Gun handling onstage still carries risks, even though the actors shoot blanks. “There are some very dangerous things that are happening onstage,” Warshaw says. “They’re real guns firing blanks. They’re modified so you can’t put in a full metal jacket, a real bullet, just a blank shell with powder. The danger is that even though you fire without a projectile coming out, powder is coming out of the end of the barrel. A lot of care is taken so that no one gets powder shot at their face.” Fight director Steve Rankin carefully designed actors’ placement and gun handling moves to prevent powder burns.

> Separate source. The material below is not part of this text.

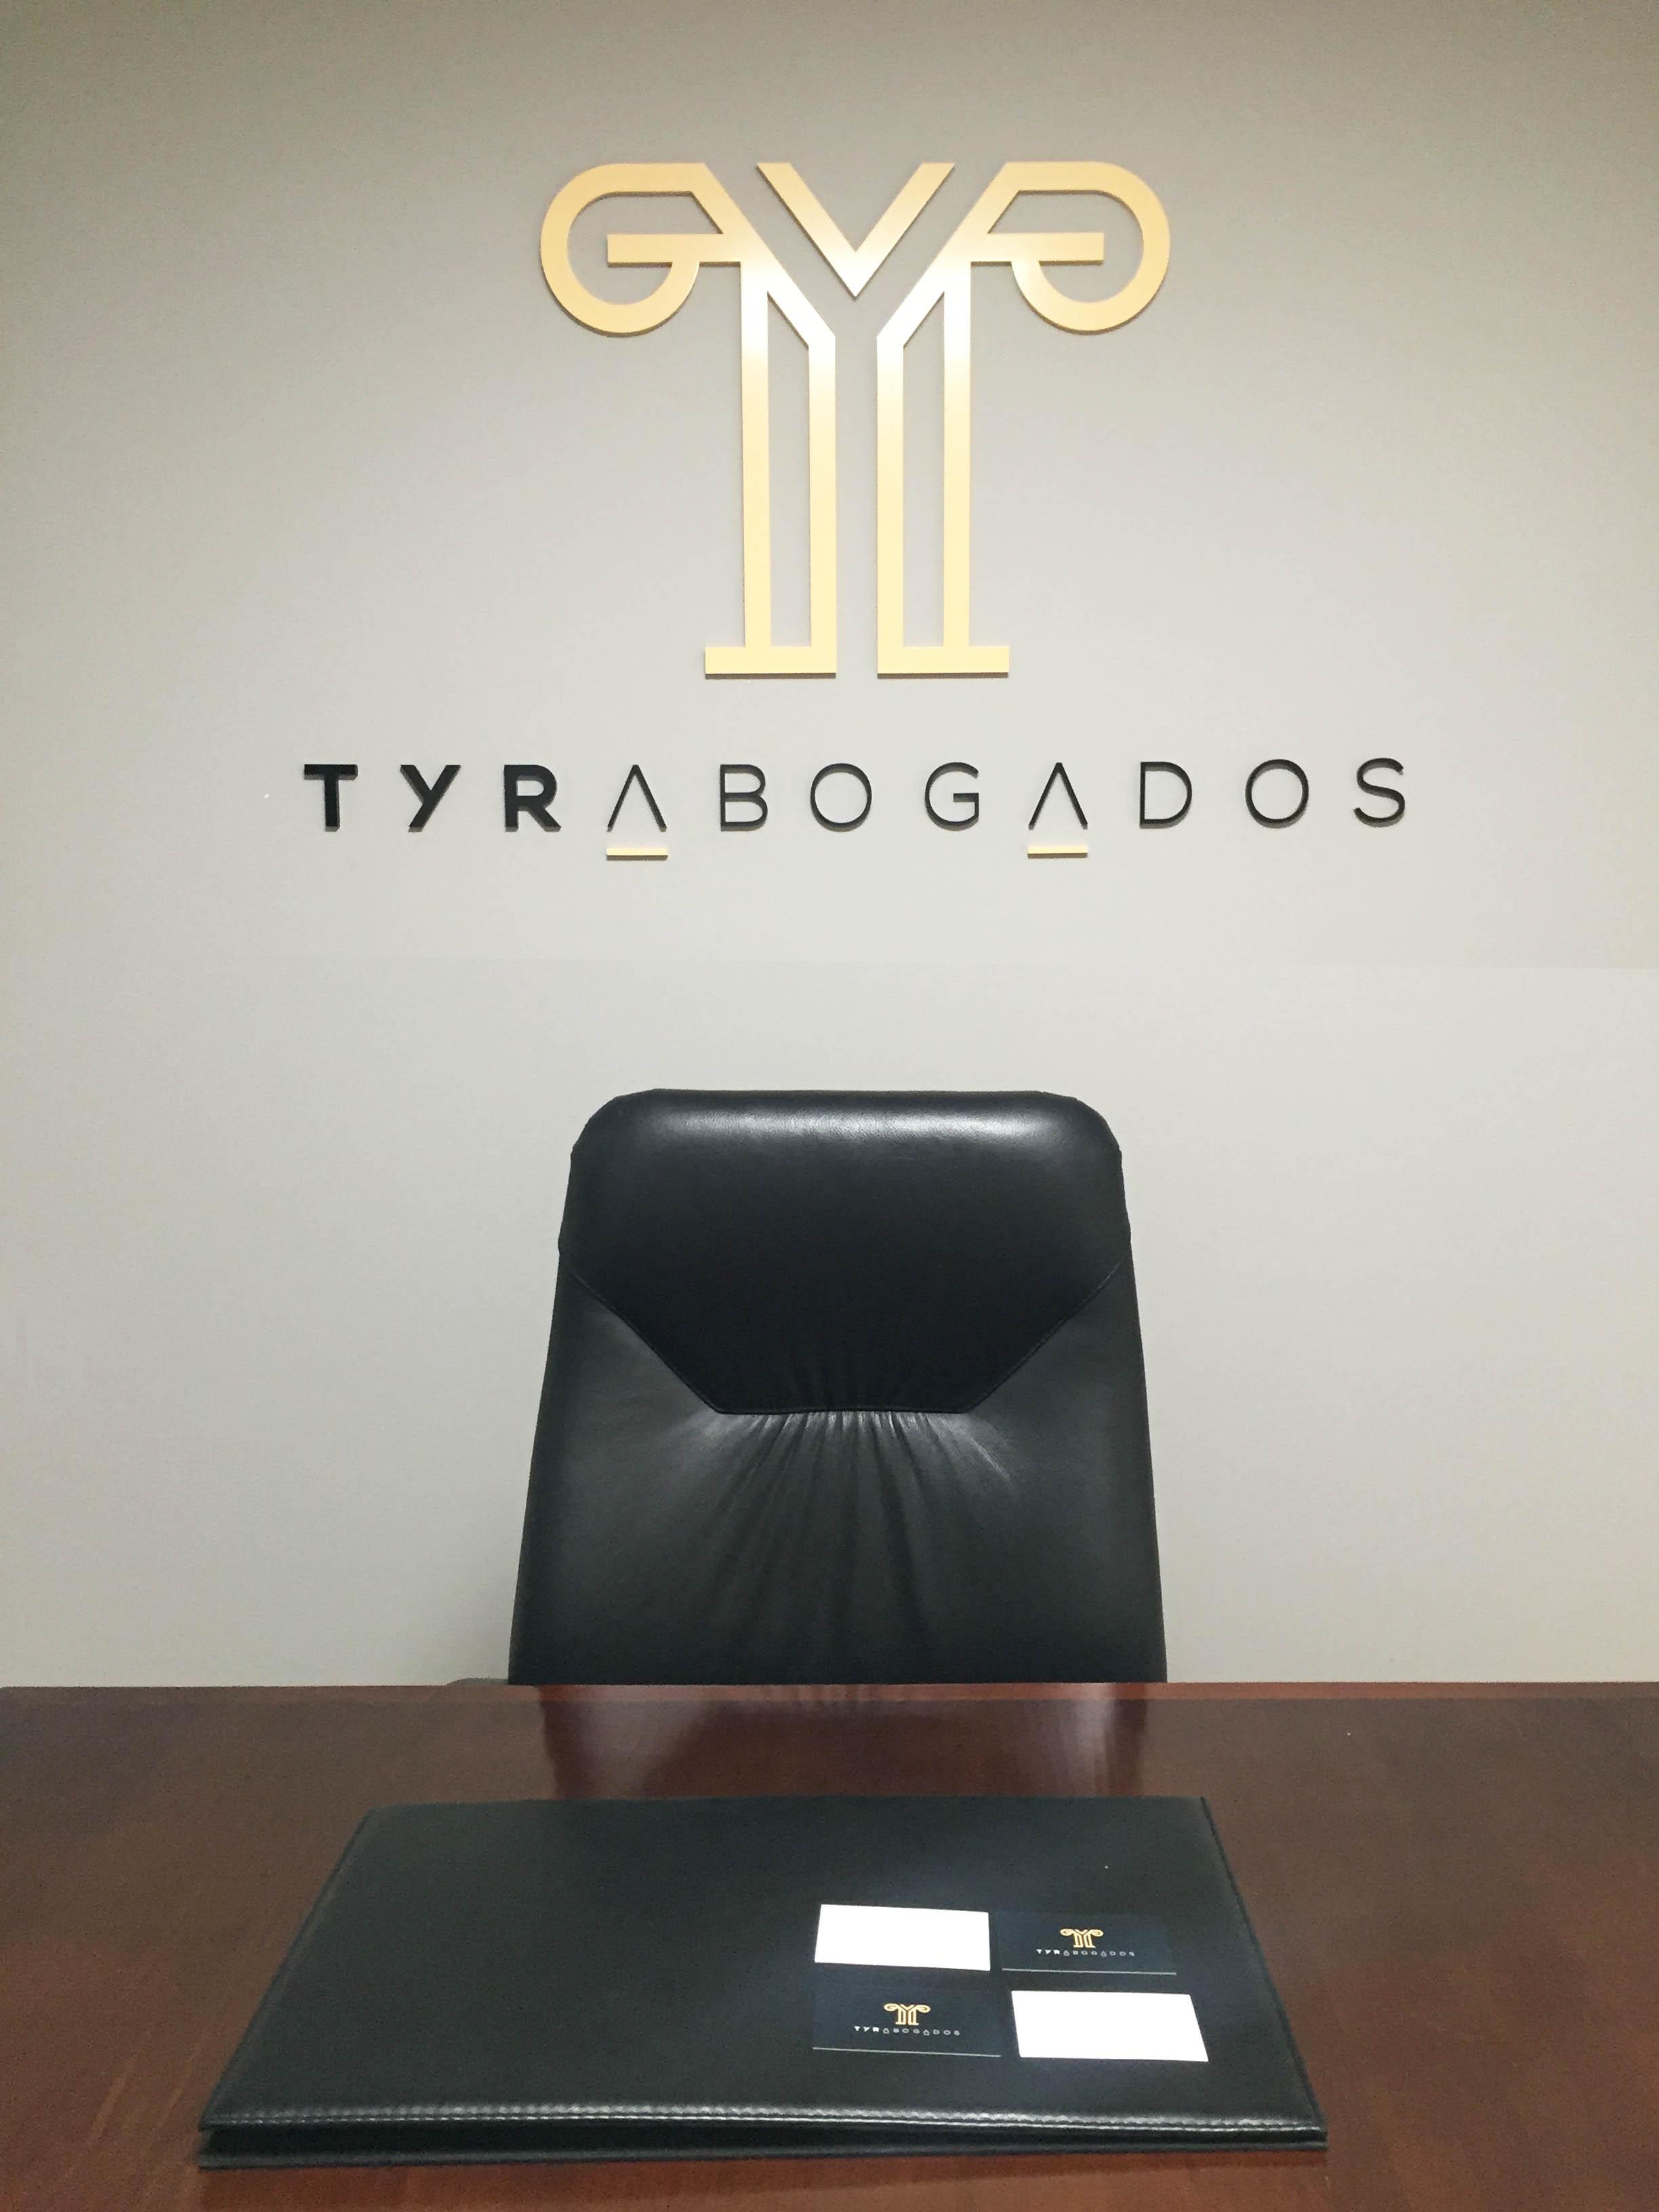 DISEÑO DE INTERIORES 3 TYR ABOGADOS REKLAM PUBLICIDAD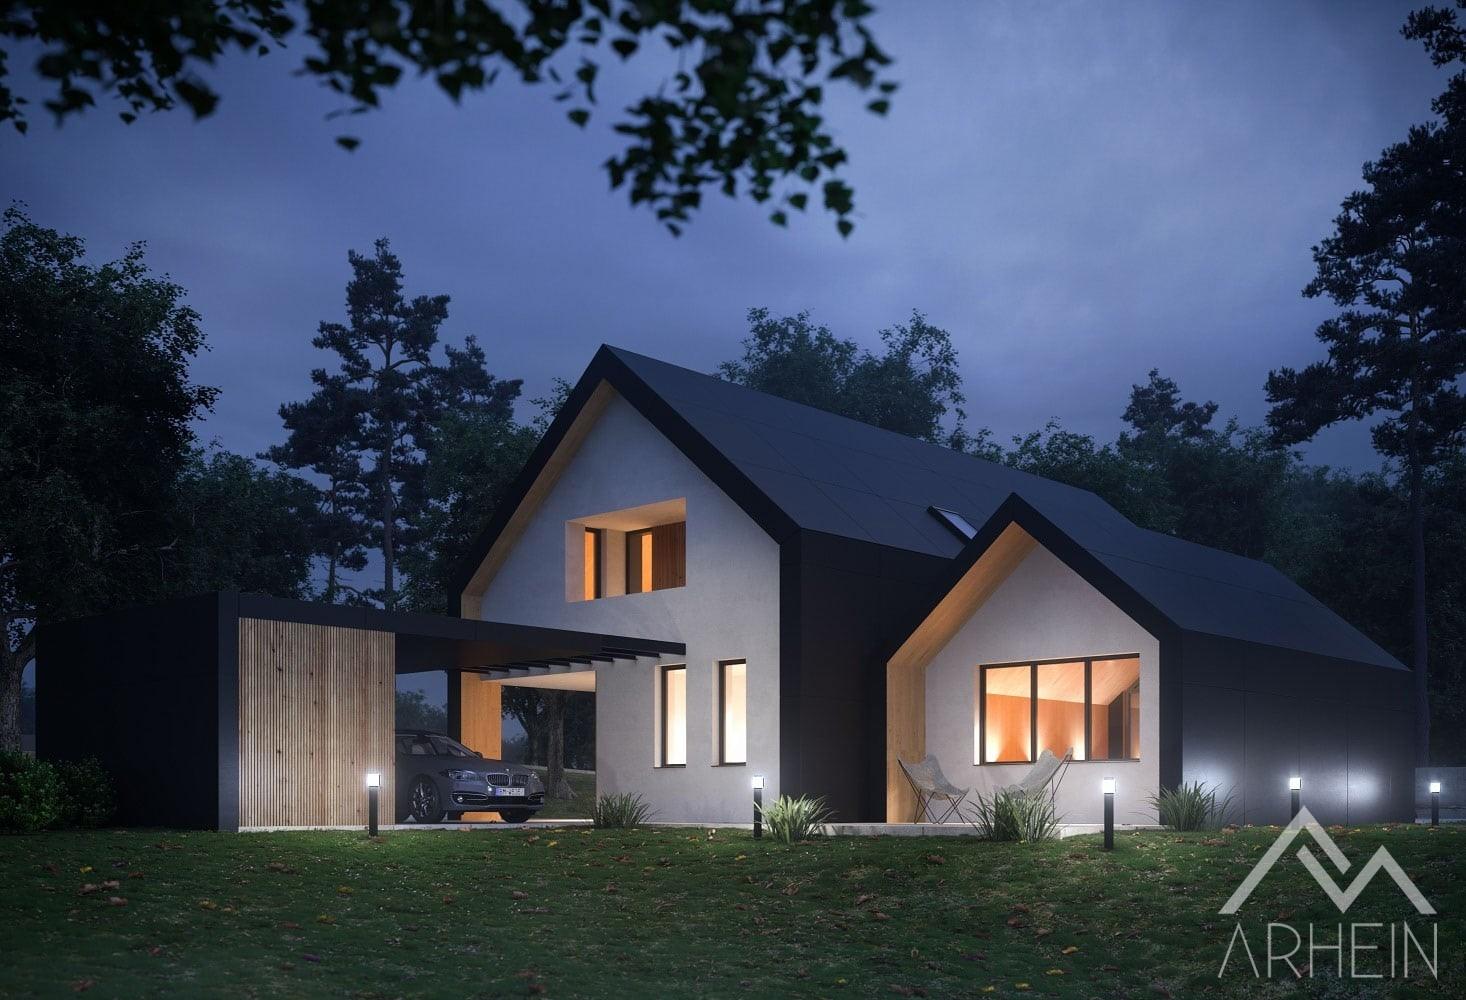 arhein-arhitektura-projekti-Hisa-S-Paviljonom-1

Also tricky is the 45-second blackout for five stagehands to dress the stage for the play’s goriest scene.

“Wilson was keen that the blackout was complete, so we installed in the Taper a mechanism that allows an electrician, who’s on guard, to turn off the aisle lights temporarily,” Lee says. “We couldn’t turn off exit signs, so we have ushers in capes carrying [solid] black picket signs — they look like Darth Vader — covering the exit signs with placards, so we have a complete blackout.”

Navigating the treacherous multi-level stage, designed to evoke rocky terrain, in the dark required numerous rehearsals, first with light and later with night-vision goggles. Stagehands with goggles are on hand to guide the actors into position.

Advertisement

Another scene that has many audience members squirming every night is one in which the lieutenant, played by Chris Pine, tortures a drug dealer portrayed by Brett Ryback, who hangs upside down, bound at his ankles, 30 feet above the stage, for 11 minutes. . Ryback says he worked up to it gradually over 51/2 weeks, but he still needs 20 minutes to recover. “My sinuses are blocked and I have pressure behind my eyes and head,” he says. “They’ve given me an ice mask to relieve puffiness in my face and I sit for 10 minutes.”

As for critics who were gobsmacked by the gore, Warshaw says he was “amused by it, but I didn’t want them to walk out and think that’s what ‘Inishmore’ was about. ‘Inishmore’ is a great story, and it’s funny. My little addition to it is just a little salt and pepper. It’s not the meat and potatoes.”